---
title: Custom tokenizer
description: Swap the default word counter for js-tiktoken or any BPE tokenizer.
---

By default Dualmark counts tokens with a whitespace-split word counter. For accurate BPE counts (e.g. matching OpenAI model billing), plug in a custom tokenizer.

## Quick start with js-tiktoken

### 1. Install js-tiktoken

<Tabs items={["bun", "npm", "yarn"]}>
<Tab value="bun">
```bash
bun add js-tiktoken
```
</Tab>
<Tab value="npm">
```bash
npm install js-tiktoken
```
</Tab>
<Tab value="yarn">
```bash
yarn add js-tiktoken
```
</Tab>
</Tabs>

### 2. Create a tokenizer module

```ts title="src/aeo-tokenizer.ts"
import { encodingForModel } from "js-tiktoken";

const encoder = encodingForModel("gpt-4o");

export default function tokenizer(text: string): number {
  return encoder.encode(text).length;
}
```

Export a default function with the signature `(text: string) => number`.

### 3. Wire it up

Config varies by adapter:

<Tabs items={["Astro", "Next.js", "SvelteKit", "Vercel", "Cloudflare", "Deno"]}>
<Tab value="Astro">

Astro code-generates route files at build time, so closures can't be serialized. Pass a **module path** instead:

```js title="astro.config.mjs"
import dualmark from "@dualmark/astro";

export default defineConfig({
  integrations: [
    dualmark({
      siteUrl: "https://example.com",
      collections: { blog: { converter: "blog" } },
      tokenizer: "./src/aeo-tokenizer.ts",
    }),
  ],
});
```

The generated routes will `import` your module directly -- no serialization issues with closed-over encoders.
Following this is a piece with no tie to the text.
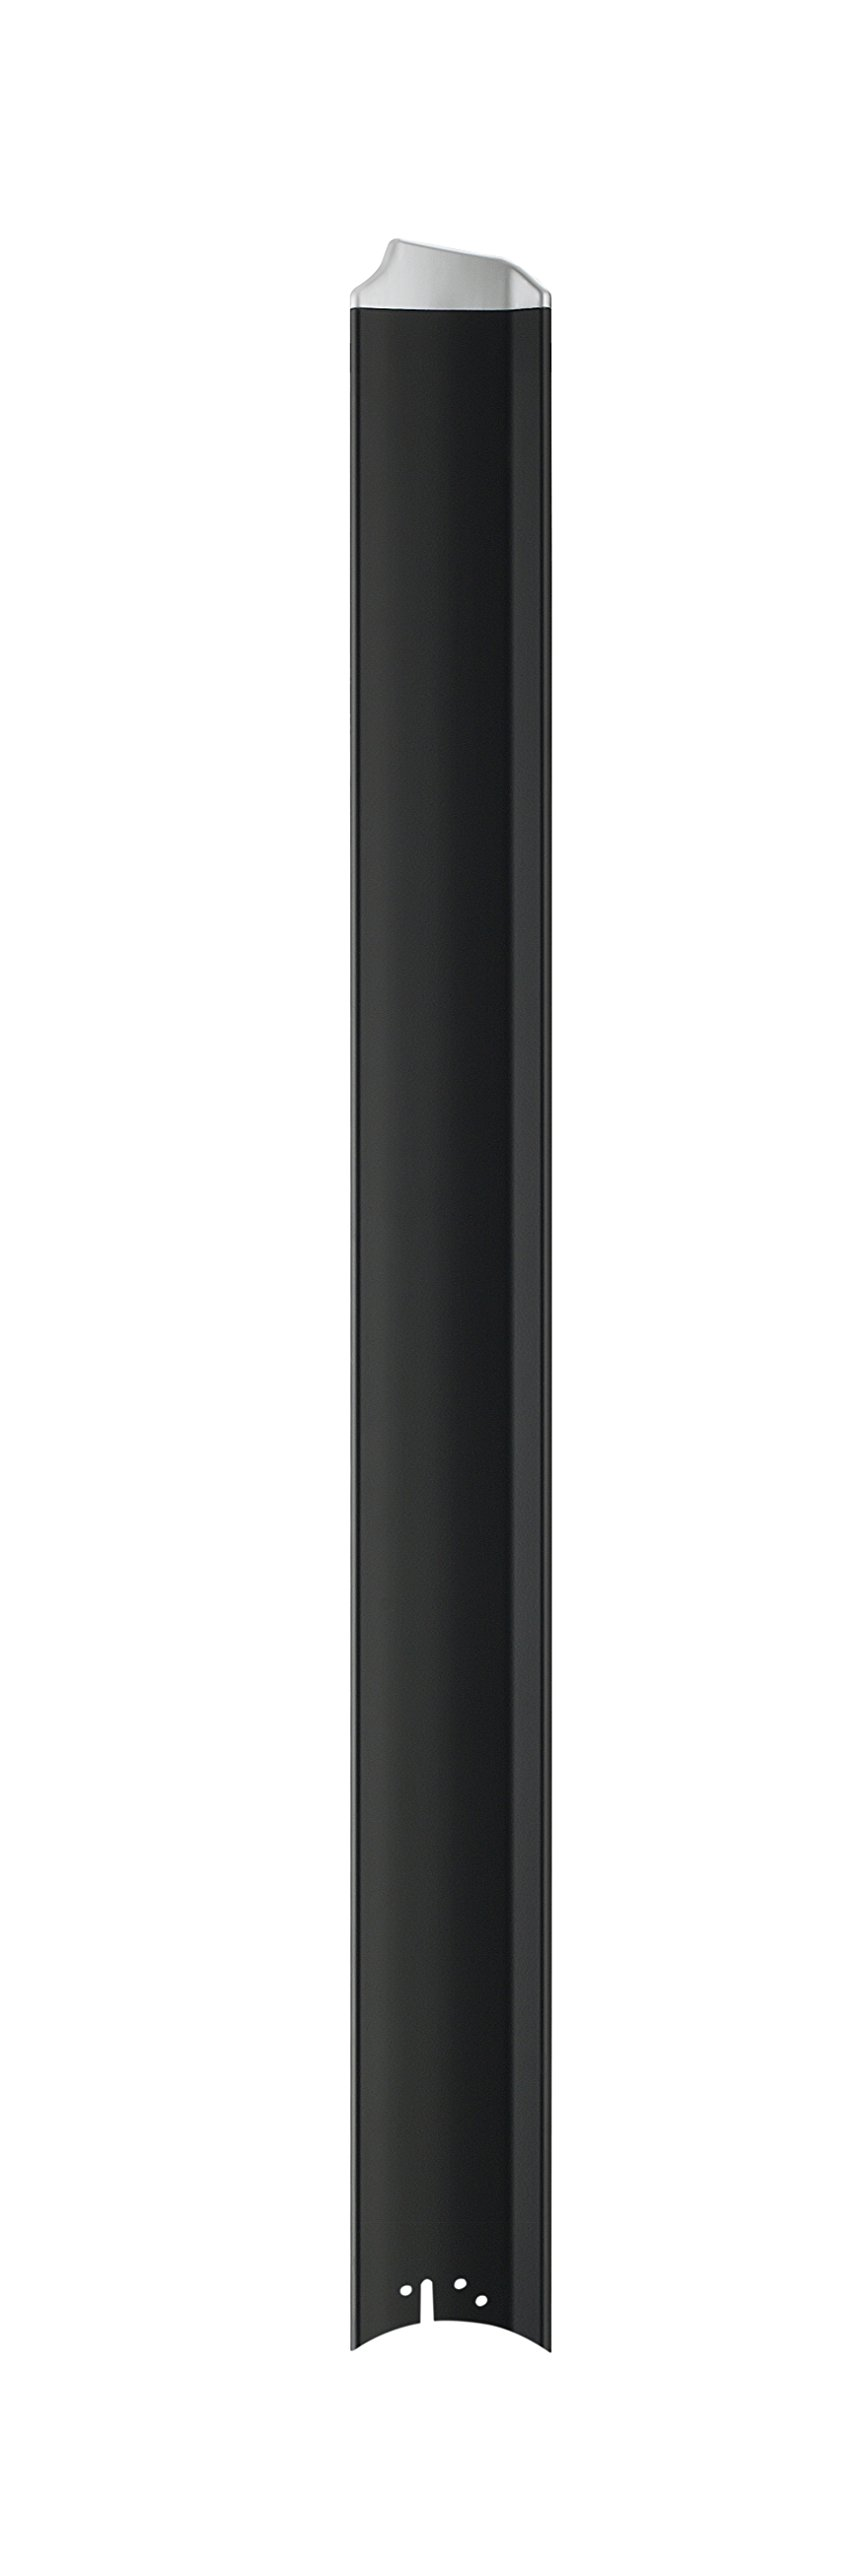 Fanimation B7997-72BLW Fan Blades, Black with Silver Tip

> For simple, self-contained arrow functions that don't close over external state, you can still pass a function directly:
> ```js
> tokenizer: (text) => text.split(/\s+/).length * 1.3
> ```

</Tab>
<Tab value="Next.js">

```ts title="dualmark.config.ts"
import type { DualmarkNextConfig } from "@dualmark/nextjs";
import tokenizer from "./src/aeo-tokenizer";

export const dualmarkConfig: DualmarkNextConfig = {
  siteUrl: "https://example.com",
  collections: { blog: { converter: "blog", getEntries: () => [] } },
  tokenizer,
};
```

</Tab>
<Tab value="SvelteKit">

```ts title="src/dualmark.config.ts"
import type { DualmarkSvelteKitConfig } from "@dualmark/sveltekit";
import tokenizer from "./aeo-tokenizer";

const config: DualmarkSvelteKitConfig = {
  siteUrl: "https://example.com",
  collections: { blog: { converter: "blog", getEntries: () => [] } },
  tokenizer,
};

export default config;
```

</Tab>
<Tab value="Vercel">

```ts title="middleware.ts"
import { createAEOMiddleware } from "@dualmark/vercel";
import tokenizer from "./src/aeo-tokenizer";

export default createAEOMiddleware({
  upstream: (req) => fetch(req),
  fetchAsset: (url, init) => fetch(url, init),
  tokenizer,
});
```

</Tab>
<Tab value="Cloudflare">

```ts title="src/index.ts"
import { createAEOWorker } from "@dualmark/cloudflare";
import tokenizer from "./aeo-tokenizer";

export default createAEOWorker({
  upstream: { fetch: (req, env, ctx) => env.ASSETS.fetch(req) },
  tokenizer,
});
```

</Tab>
<Tab value="Deno">

```ts title="main.ts"
import { createAEOHandler } from "@dualmark/deno";
import tokenizer from "./aeo-tokenizer.ts";

const handler = createAEOHandler({
  upstream: (req) => new Response("upstream"),
  tokenizer,
});

Deno.serve(handler);
```

</Tab>
</Tabs>

## How it works

The `tokenizer` function is called by `estimateTokens()` in `@dualmark/core`. The returned count is set as the `X-Markdown-Tokens` response header on every markdown response.

```
X-Markdown-Tokens: 1847
```

AI clients use this header for context-window budget planning. With js-tiktoken the count matches the model's actual BPE encoding.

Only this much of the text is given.